## [Data segment]
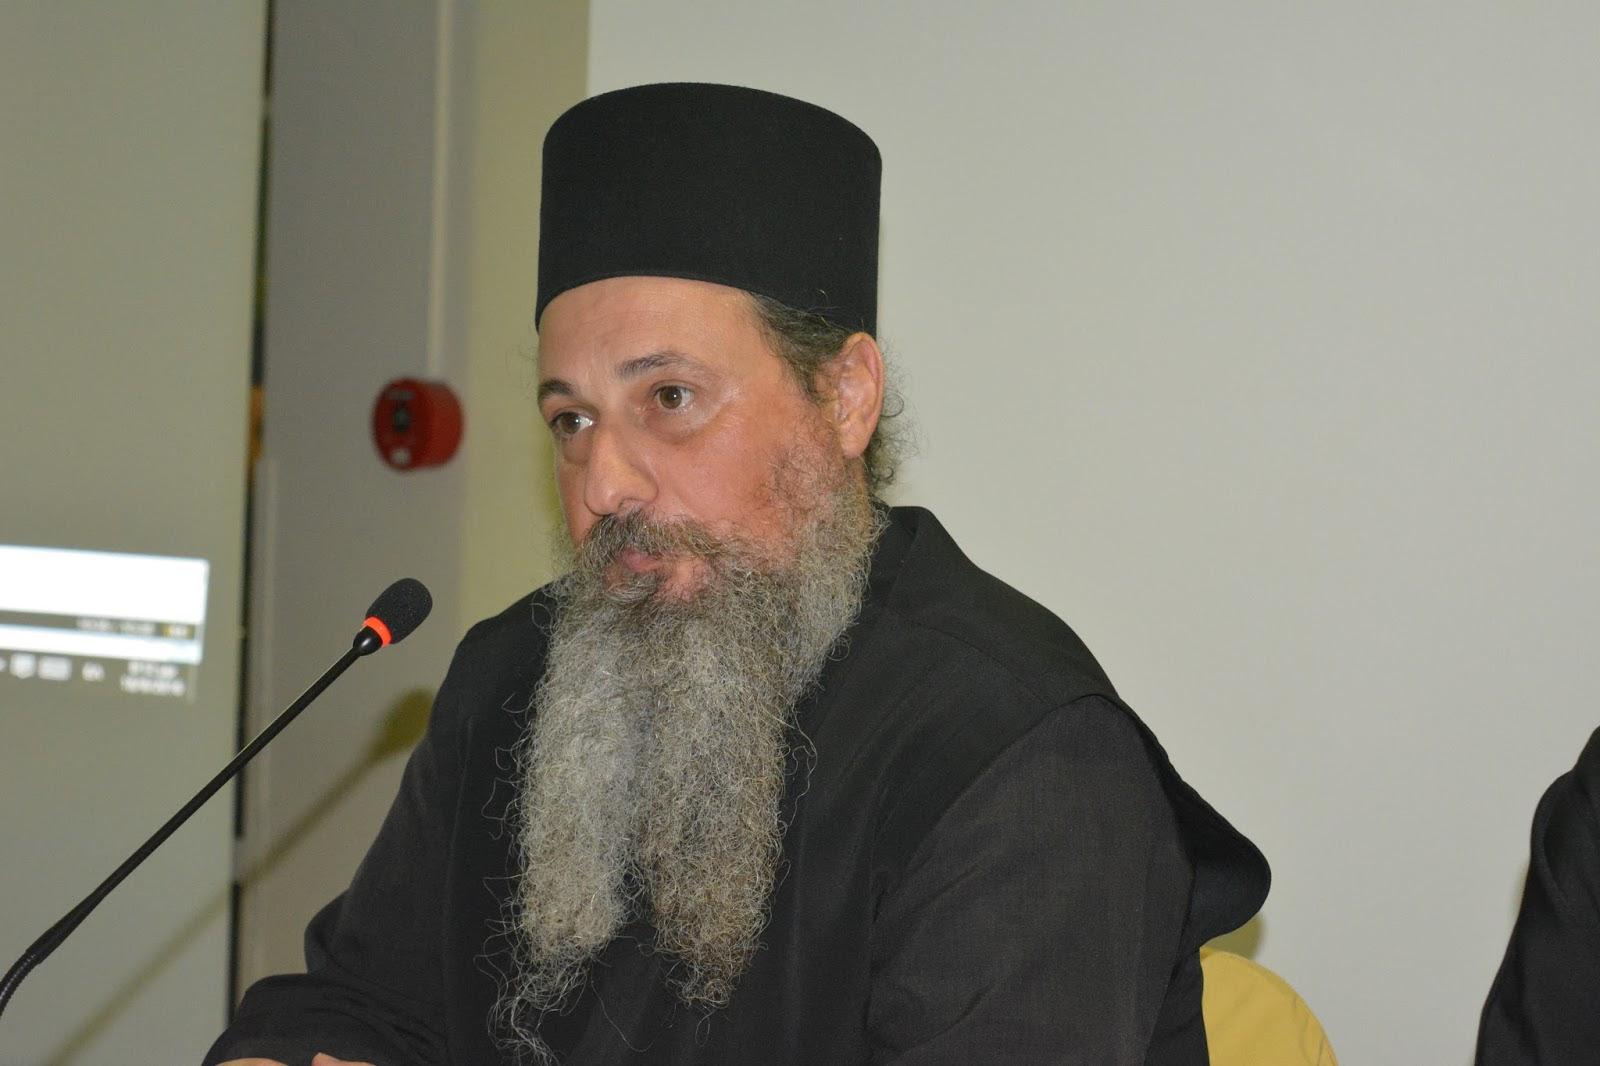 Αποτέλεσμα εικόνας για Αρχιμ. Παΐσιος Παπαδόπουλος
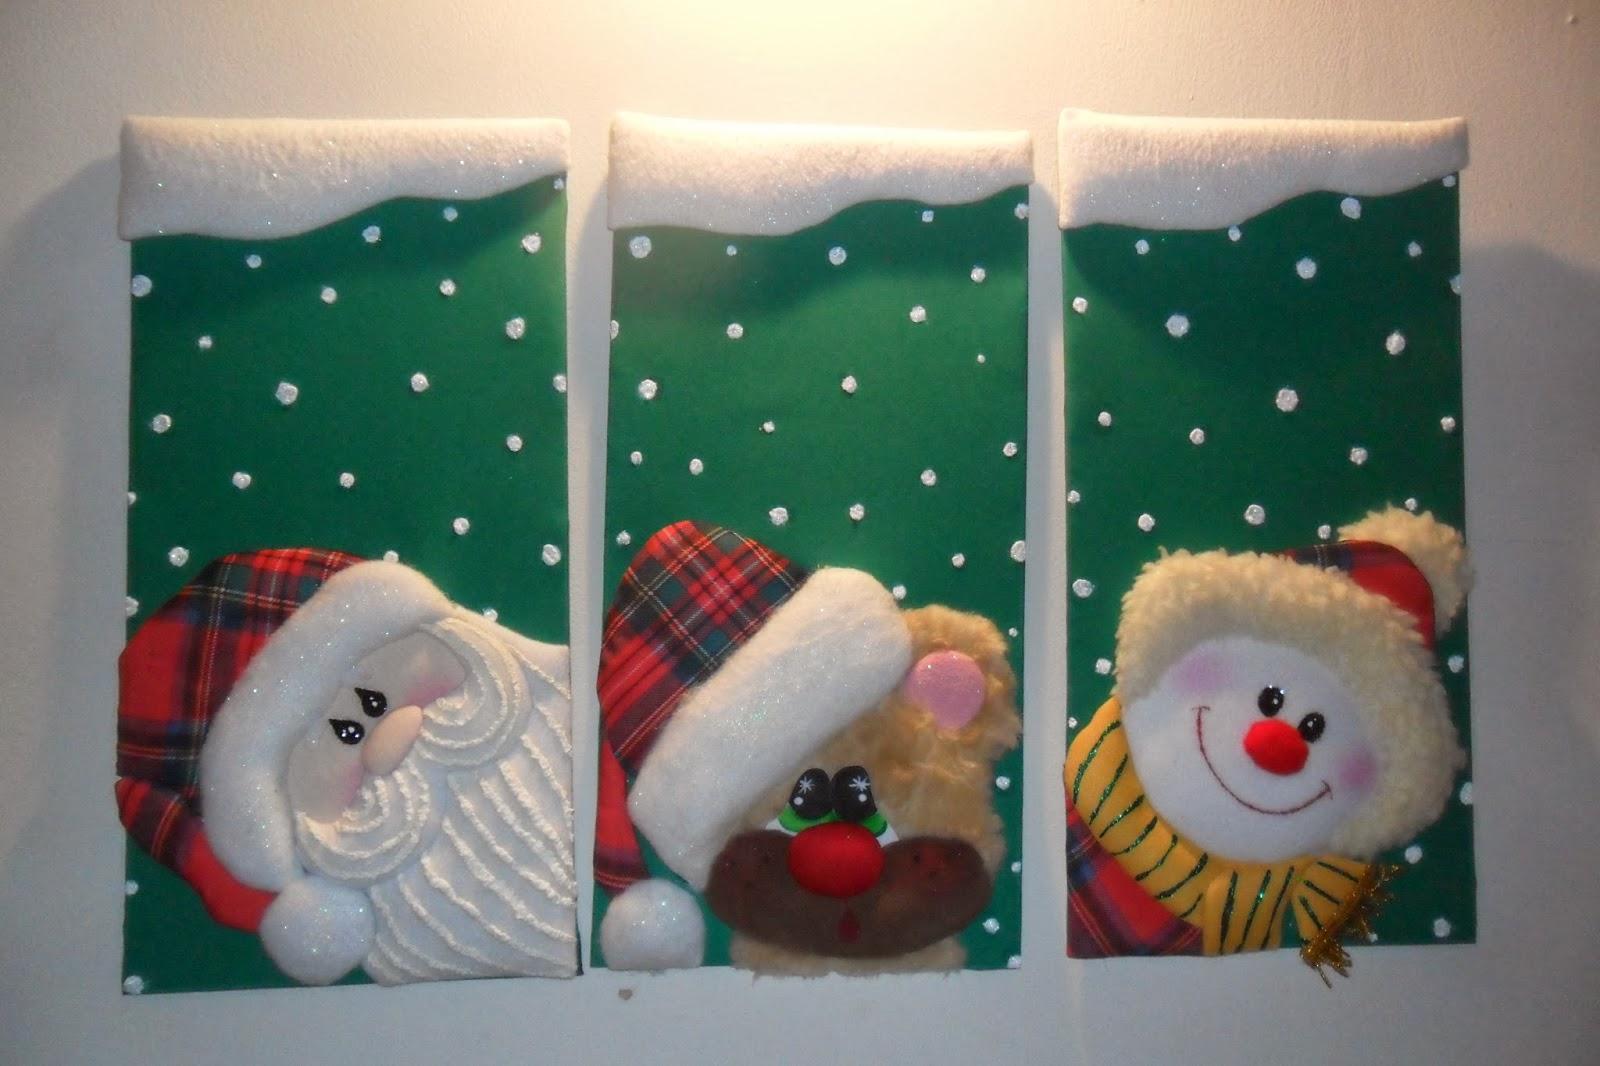 Mardedi cuadros para decorar tu navidad - Fotos y cuadros ...
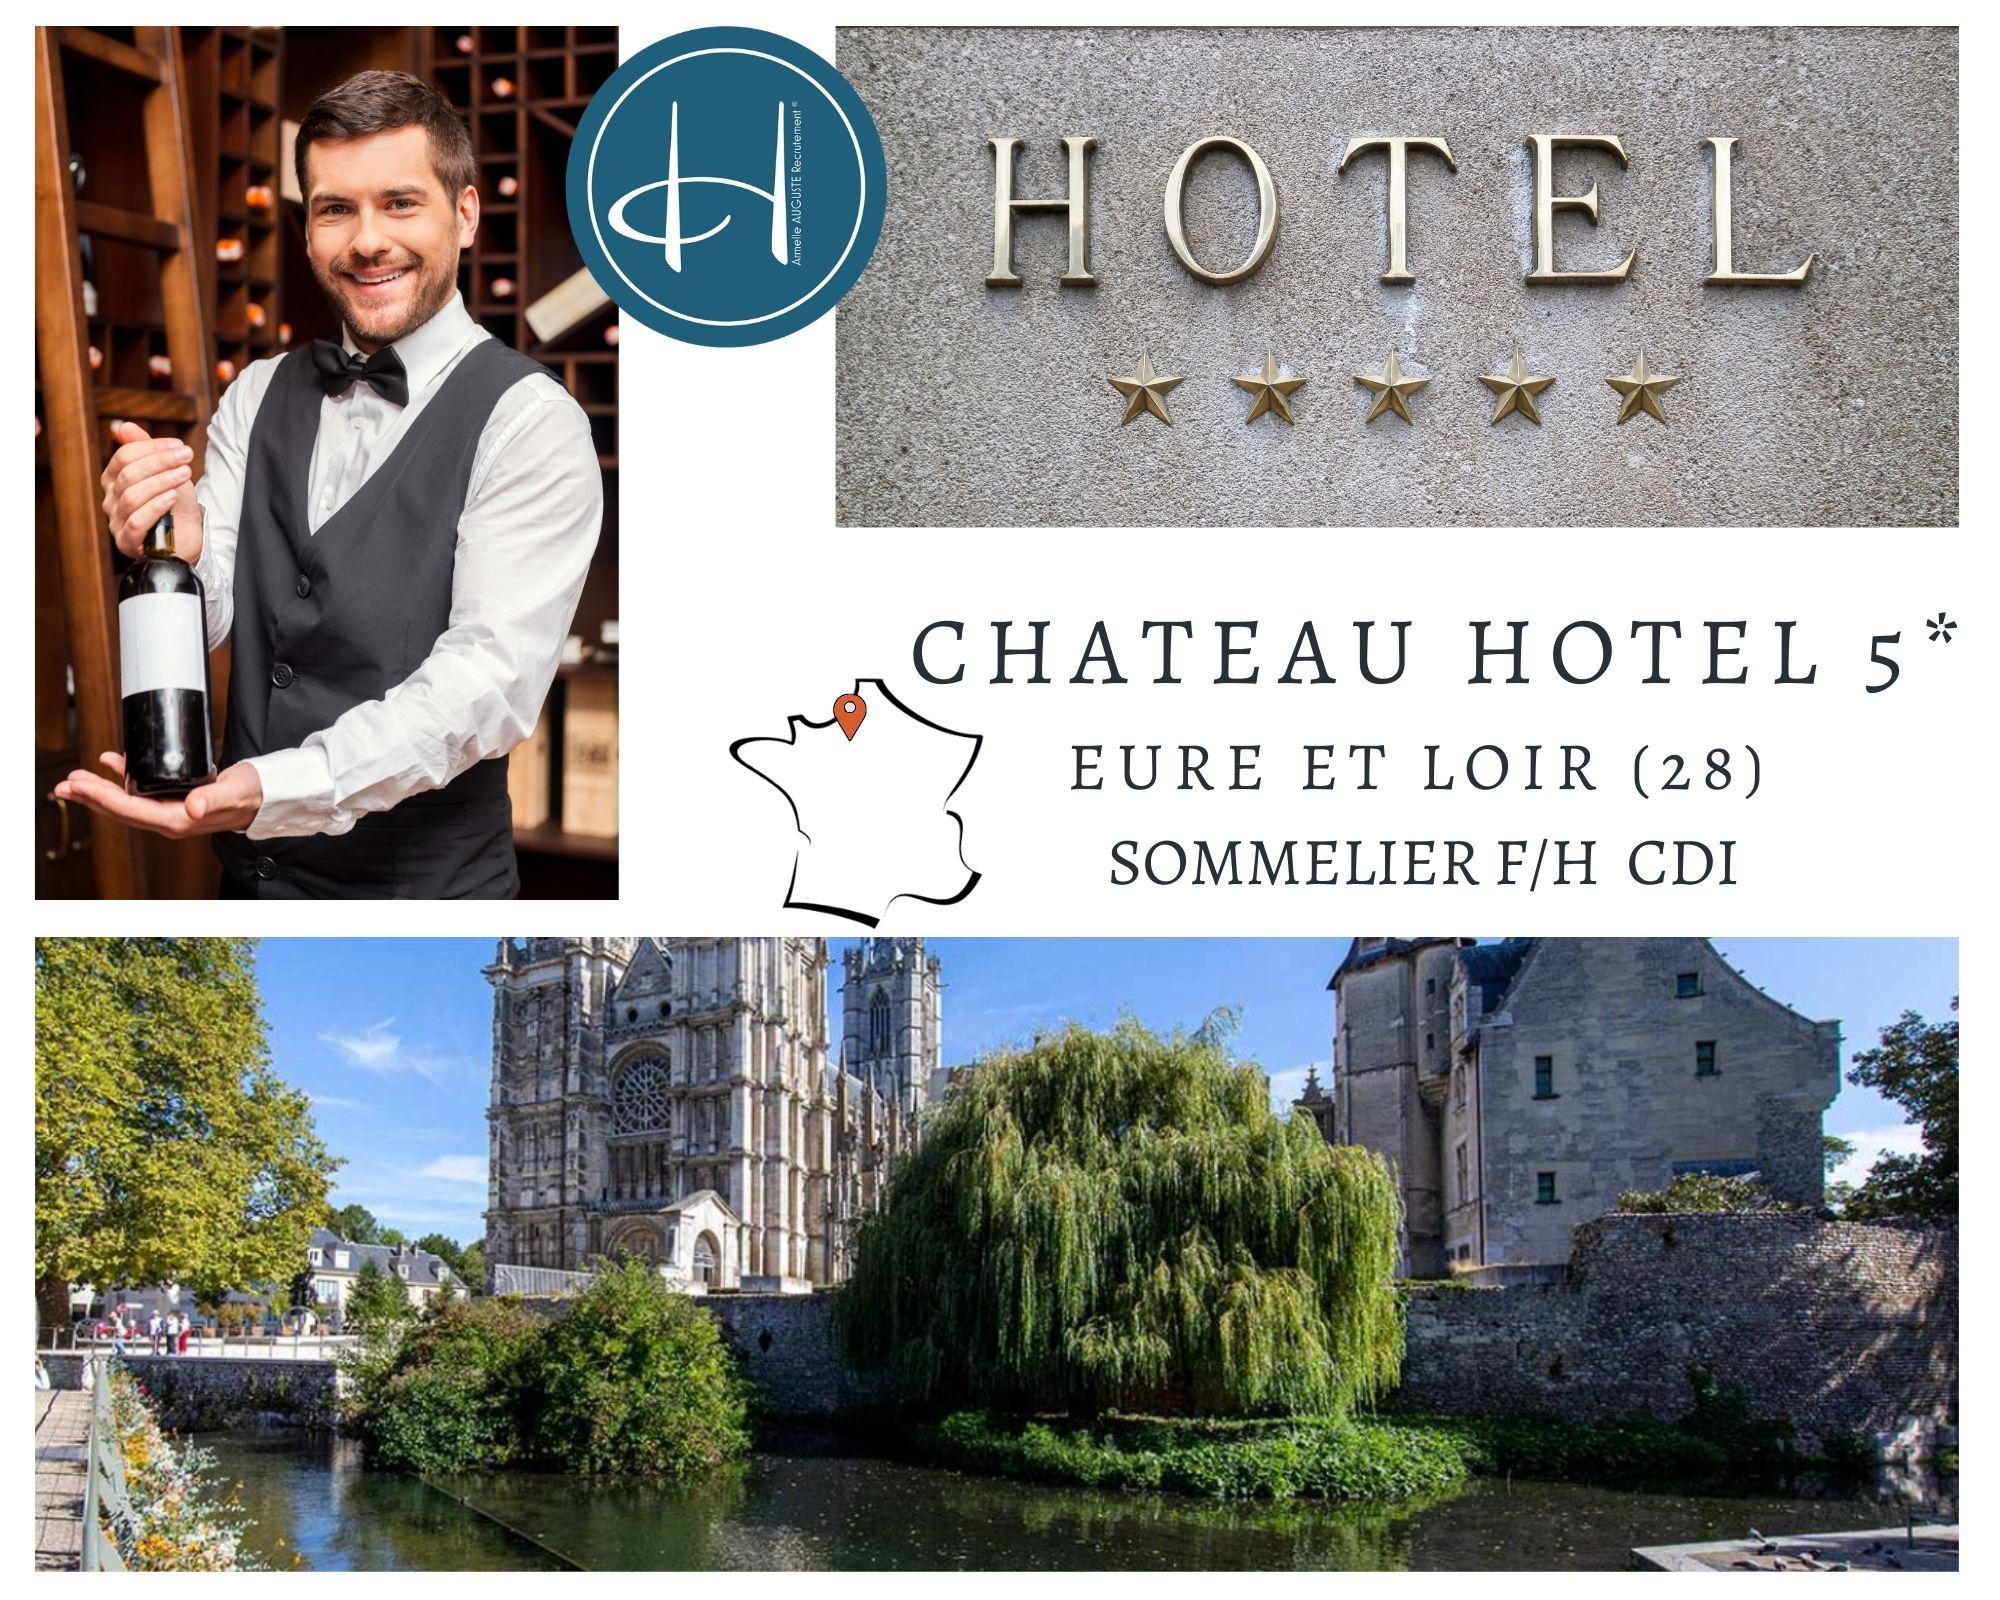 Recrutement: Sommelier - Ouverture - Château Hôtel 5* F/H chez Armelle AUGUSTE Recrutement® à Anet
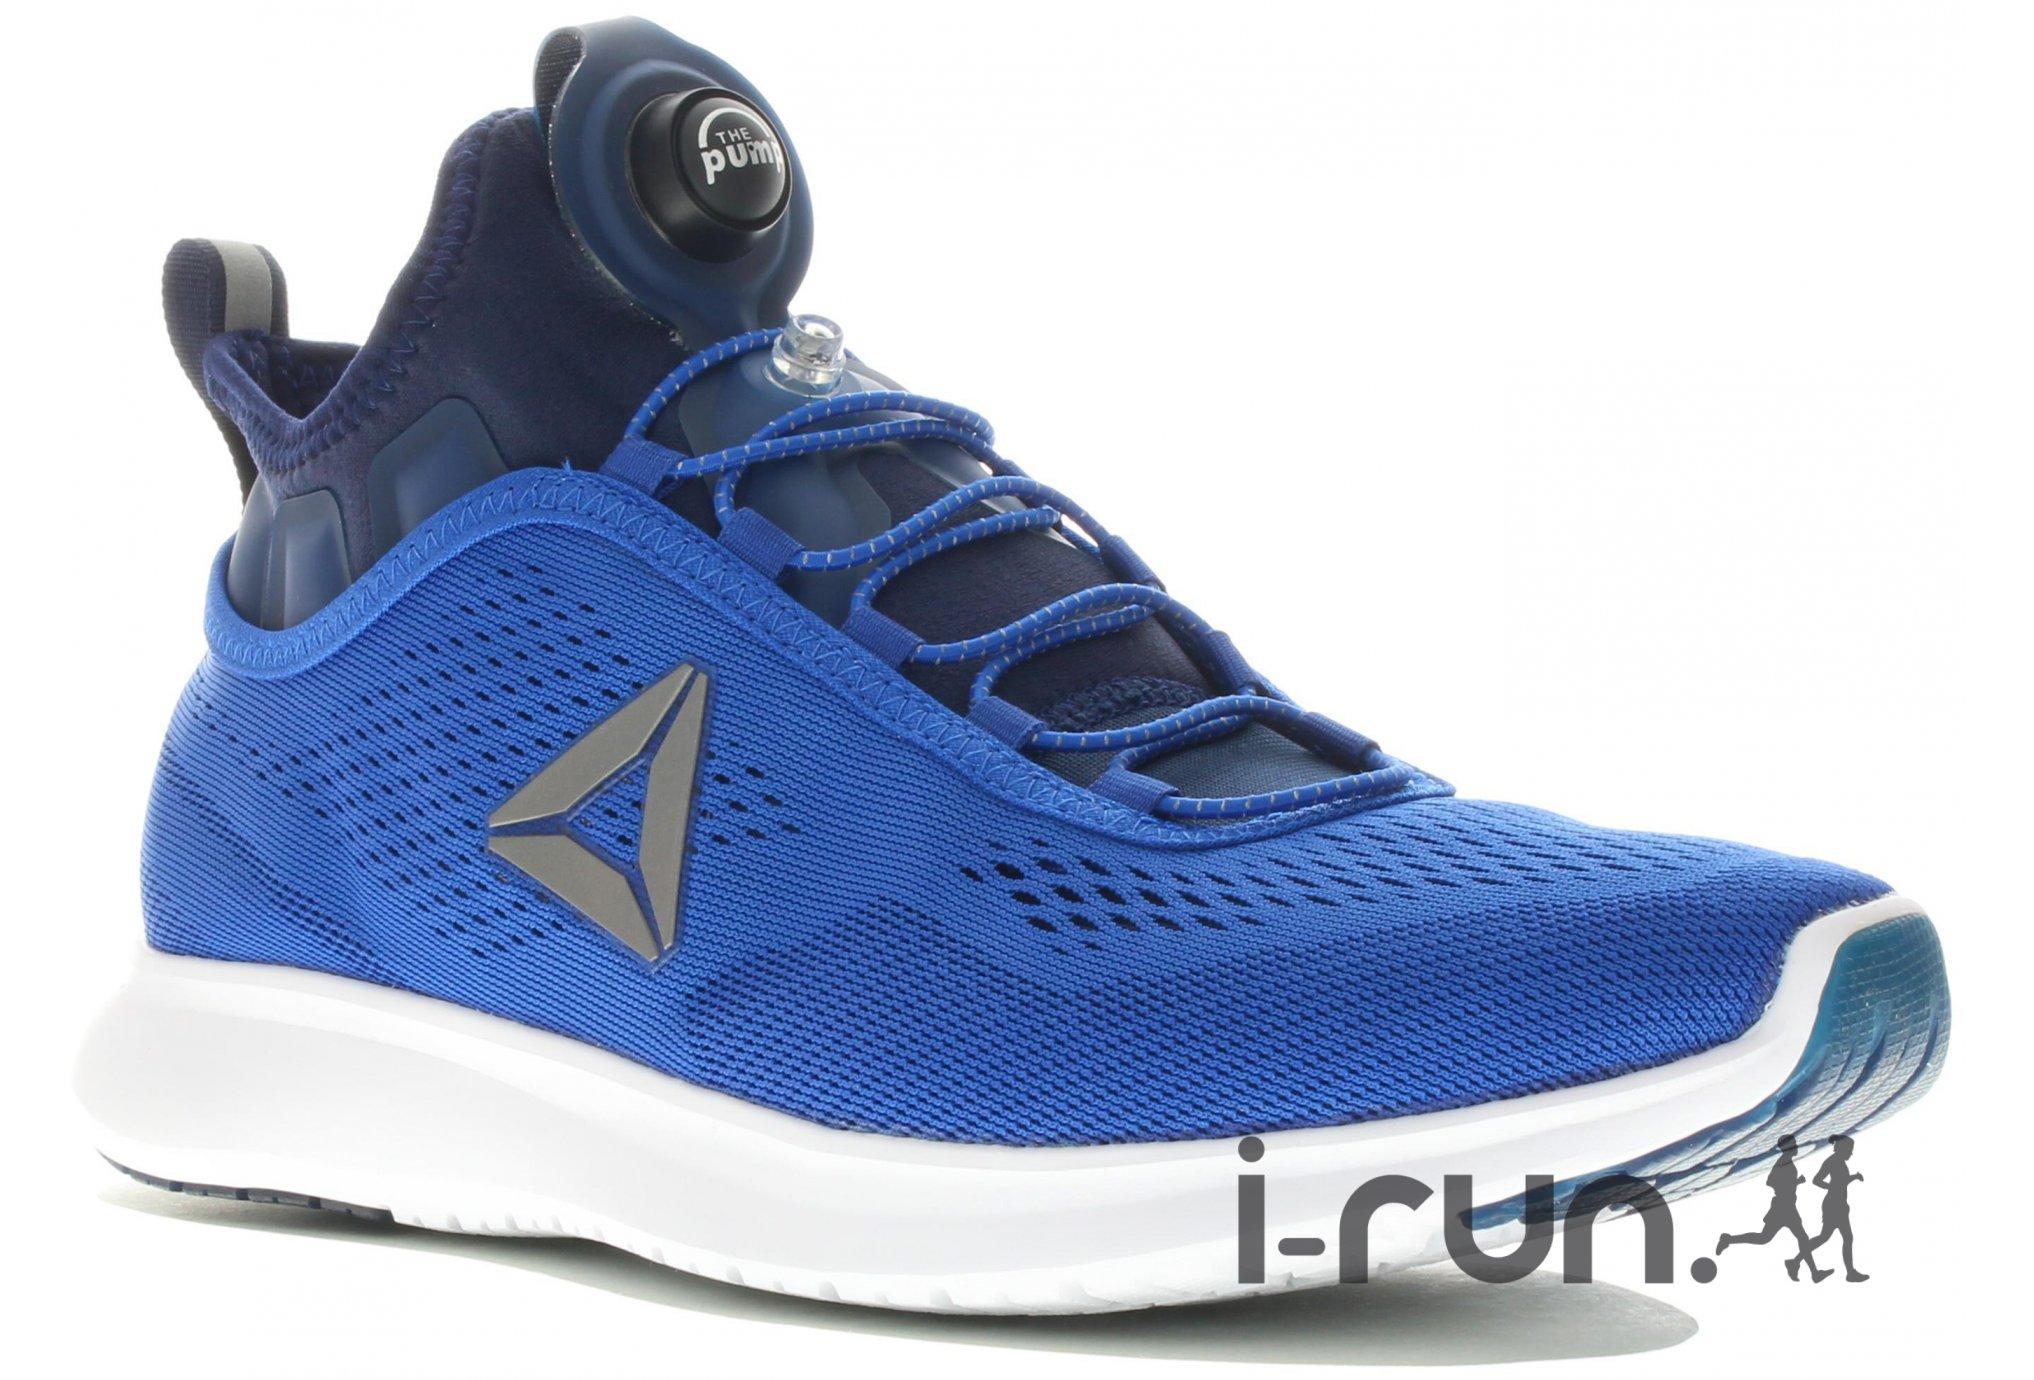 Tech M Reebok Pump La Fortifiée Plus Homme Chaussures Nyn0O8vmw

## [What this task involves]
All that is wanted is the lines from the one holding "Mardedi cuadros para" through the end of the material, duplicated exactly, with no pictures.

## [Exercise answer]
 Mardedi cuadros para decorar tu navidad - Fotos y cuadros ...
 Recrutement: Sommelier - Ouverture - Château Hôtel 5* F/H chez Armelle AUGUSTE Recrutement® à Anet
 Tech M Reebok Pump La Fortifiée Plus Homme Chaussures Nyn0O8vmw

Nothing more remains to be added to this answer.